Interestingly, most moderation applications also prompt the LLM to provide a reason for its judgment. Asking the model to explain its decisions not only adds transparency but often improves its accuracy.
The next archetype is text generation, where LLMs excel at creating new content. One particularly effective use case is combining two existing documents into a cohesive new one. For instance, if you have a document titled “How to File a Reimbursement” and another titled “How to Add Your Child to Your Account,” you can prompt an LLM to generate a new article, such as “How to File a Reimbursement on Behalf of a Child.”
Text generation is a key feature in many marketing startups. For example, LoopGenius leverages LLMs to automatically generate, test, and refine Facebook ads. Tools like Copy.ai and Jasper focus on creating content for marketing pages, helping businesses improve their SEO strategies.
However, AI-generated content is flooding the internet. It’s now easier than ever for companies to add millions of pages to their websites, leading to an oversaturation of material. As a result, it’s likely that Google will adapt its algorithms to address the proliferation of AI-driven content.
The next archetype is analysis, where LLMs can evaluate data and provide decisions. For example, you can ask ChatGPT to compare a job description and a resume to analyze whether a candidate is a good match for the role—and it performs this task remarkably well.
At Find AI, we also leverage analysis. When you run a search like “Startup founders who have a dog,” the system asks OpenAI to review profiles one by one and determine, “Is this person a startup founder who has a dog?”
Currently, recruiting is one of the most common use cases for analysis. Many companies rely on AI for initial applicant screening, significantly streamlining the hiring process. Applicant AI is one example, but many similar tools are emerging in this space.

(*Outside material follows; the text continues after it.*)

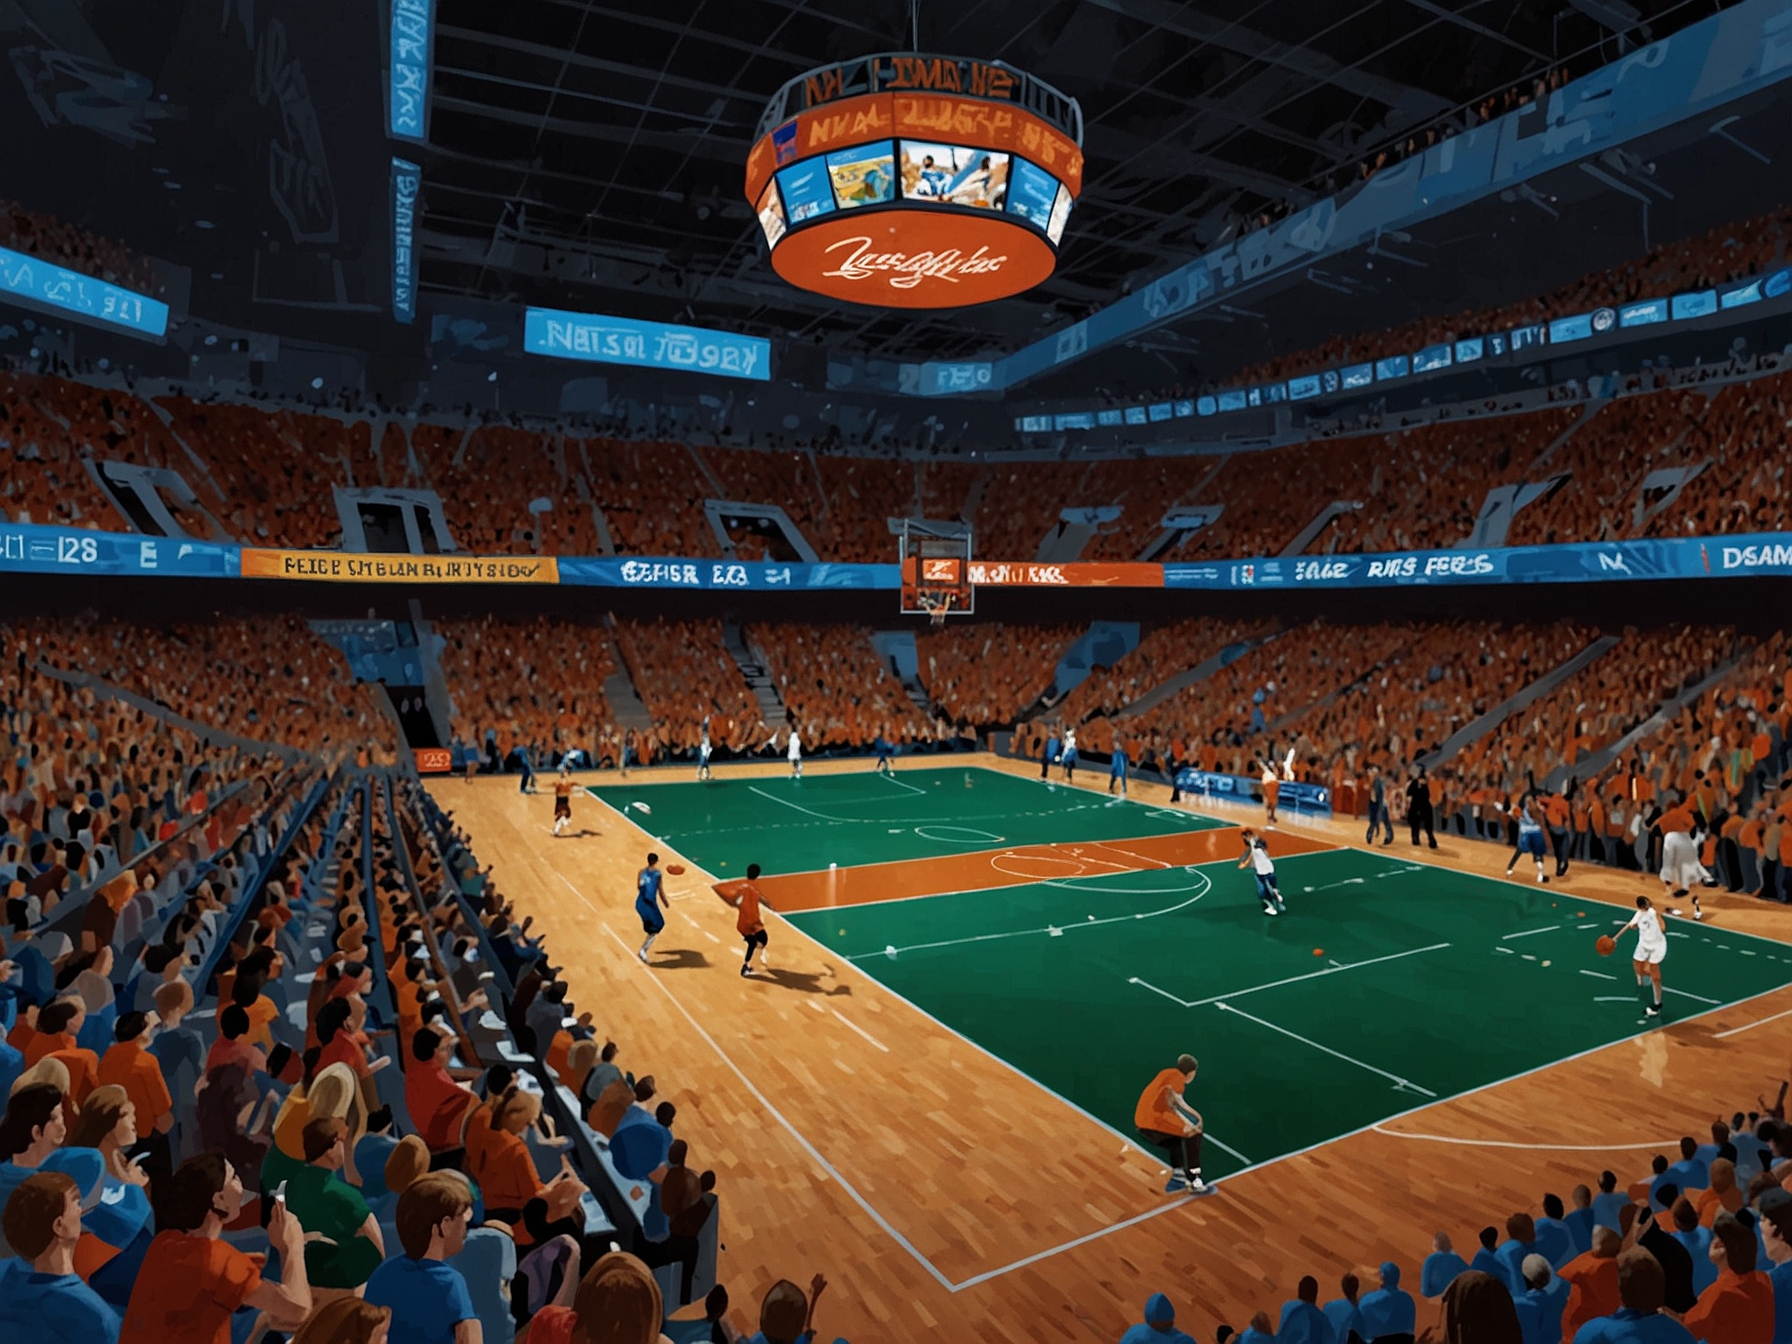 A dynamic game scene from a past NCAA March Madness tournament, highlighting the competitive excitement and national fervor that the proposed expansion seeks to enhance further.

Intent detection is one of my favorite applications of LLMs. We’ve all encountered traditional phone menus that say, “Press 1 for new customer enrollment, press 2 for billing, press 3 for sales,” and so on. AI can replace this process by simply asking, “Why are you calling?” and then routing the caller to the appropriate department. This technique, where AI maps a user’s input to a predefined set of options, is known as intent detection.
Intent detection is a foundational technique widely used in more advanced AI applications because it enables systems to navigate decision trees. Many customer interactions are essentially a series of decisions, and LLMs can make these processes feel seamless by converting them into natural language exchanges. At Find AI, for example, every search begins with an intent detection step, where we ask the LLM, “Is this query about a person or a company?”
Call centers have been early adopters of intent detection, integrating it into customer support and sales workflows. Companies like Observe AI and PolyAI are reimagining these functions with solutions that blend the strengths of LLMs and human agents.
LLMs are increasingly being used in analytics for data labeling, a critical task in tools like customer support and sales systems. Tags and labels help track things like feature requests or objections, tasks that previously required customer support agents to spend significant time manually tagging conversations. Now, LLMs can automate this process entirely.
This capability is particularly useful for analyzing historical data. For example, you could instruct an LLM to review all past customer conversations and identify instances where a company requested an API.
At Find AI, we use LLMs to label every search after it’s run, applying tags like “Person at a particular company” or “Location-based search.”
Data labeling also pairs well with the Batch processing capability discussed earlier. By allowing up to 24 hours for a response, you can significantly reduce costs while efficiently processing large volumes of data.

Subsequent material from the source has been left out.